Just to be clear, let me clarify the following regarding Physician Face to Face Encounters in Home Health.

  1. The physician must write his or her own narrative.  Alternatively, he may dictate it and his staff may type it.  A qualified NPP may perform and document the encounter but the certifying physician must sign beside the NPP.  Make no mistake, you are not a qualified NPP.
  2. The Face to Face encounter is a condition of payment.  Failure to follow the conditions of payment may result in credible allegations of fraud.  Fraud may result in large financial penalties or jail and a great deal of embarrassment.
  3. The encounter must occur within 90 days prior to admission or within 30 days post admission.  This does not mean that you are committing fraud if the signed F2F is not on the chart within 30 days post admission.  If you sent the form out with the initial plan of care that went out late, it is very possible that the F2F will not be on the chart at day 30.
  4. On the other hand, if a patient was NOT seen within the time frame, you should discharge the patient using the appropriate documentation (ABN) and let the patient know why.  Be very certain that the patient was in fact seen by the MD if you choose to wait for it.  Alternatively, you could get your careplans out on time.
  5. When my clients’ referral sources steer their referrals to the agencies that don’t make them worry about ‘all the bureaucratic paperwork bulls***’, a competitive edge is created against which ethical agencies cannot compete.
  6. If a physician signs said bureaucratic paperwork and a visit had not been made, you have found yourself an accomplice in fraud.  Understand this.  The Feds want you more than the doc because even the wealthiest docs don’t bill as much as a home health agency does and it is not a condition of payment for MDs.
  7. The right FBI agent will not disclose that to the doctor.  Instead, the FBI will convince the MD that capital punishment is a very real possibility unless he or she rats you out.  Consider that referral source who will sign anything you put in front of him or her a potential witness in your next fraud case.
  8. If being morally superior is not enough incentive for you to follow the rules, then consider that while most people get away with it, some do not.  Those who do not will readily tell you that it is a good idea to follow the rules before you attract the attention of the Feds.
  9. If being morally superior is not enough and you are willing to take the chance of being on a federal radar, there is always the possibility that I personally will find out who you are.  If that happens, you will wish  you were caught by the FBI because I am not nearly so nice.  Ask Bill Borne.
  10. Don’t mess with my clients.  They are trying to survive by doing the right thing.

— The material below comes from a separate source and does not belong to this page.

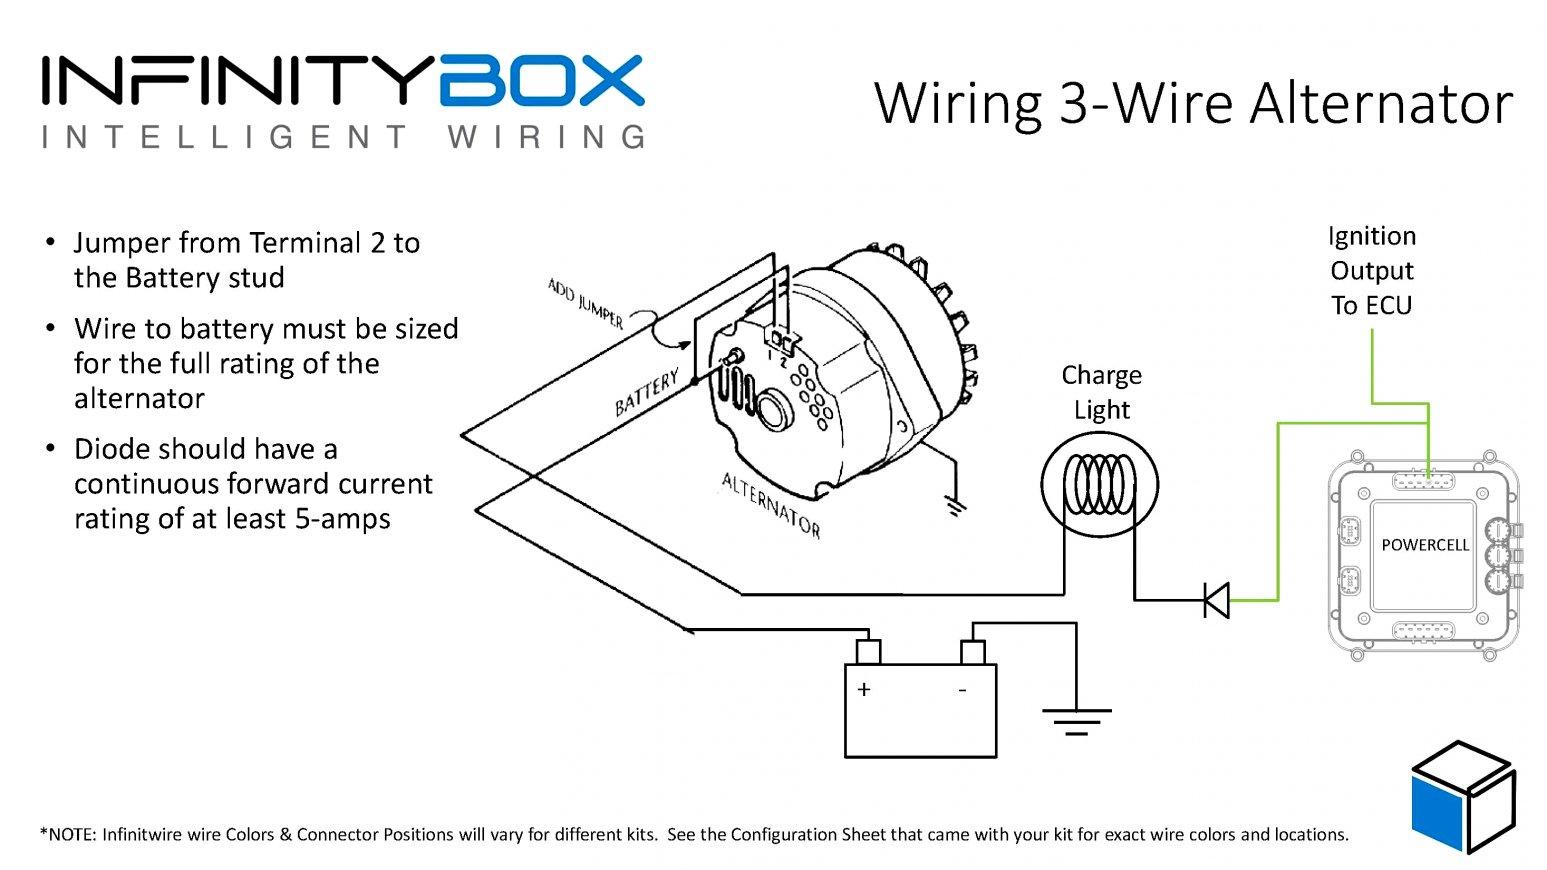 10Si Alternator Wiring - Wiring Diagrams Click - Delco 10Si Alternator Wiring Diagram
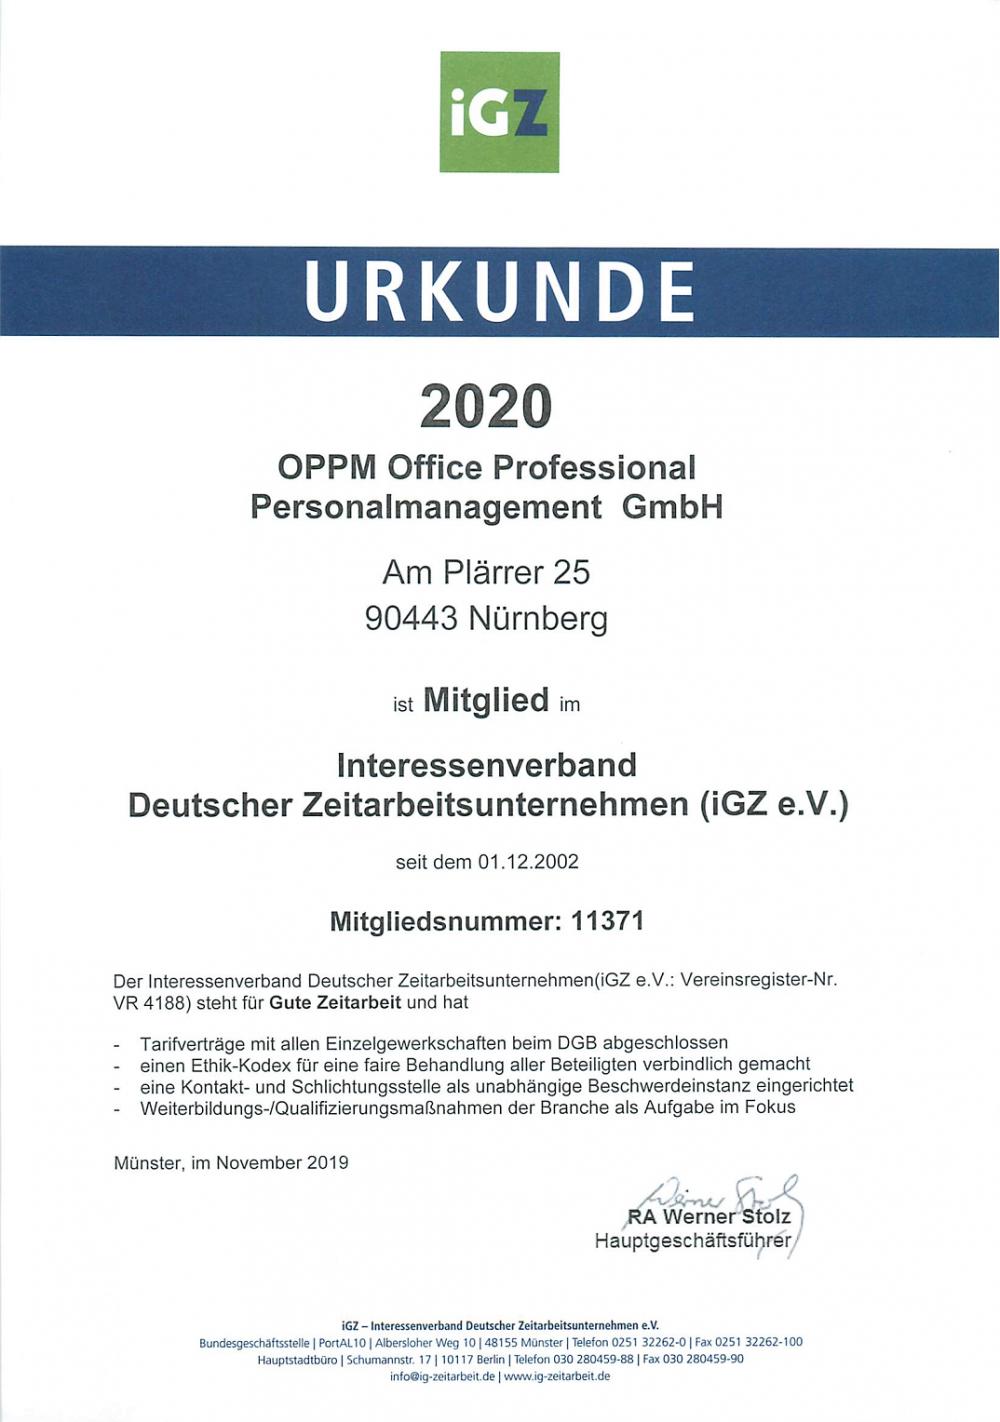 IGZ Mitgliedsurkunde 2020

Chances are the people who circumvent the rules to make life easier for physicians and steer referrals away from your agency will never get caught. That’s the truth. Nobody has a policy or talks openly about it. Instead, bonuses and positions are contingent upon the amount of claims billed and so a real incentive to take shortcuts presents itself and pleading ignorance is a valid option.  If a visit was made on the day documented on the F2F, it would be very difficult to prove that the MD didn’t write the narrative.  So that leaves agencies with the choice of doing something that violates the conditions of payment and probably never getting caught or losing referrals.  Are you starting to get why my mood has gone south?

I help a lot of people who have done things resulting in the appearance of fraud.  I help people who have actually submitted fraudulent claims.  I have not ever nor will I ever help anybody submit a fraudulent claim.  I would like to tell you that it is because I am morally superior but the truth is, it just isn’t necessary to take even the smallest risk.  Sick people will always be around and their will always be ways for us to improve care.  In fact, if we did all that we were capable of, CMS and Congress would be at our doors asking us how we wanted our money – direct deposit or cashier’s check.

Do the right thing, y’all.  I don’t like being angry.  And remember, it is all about me.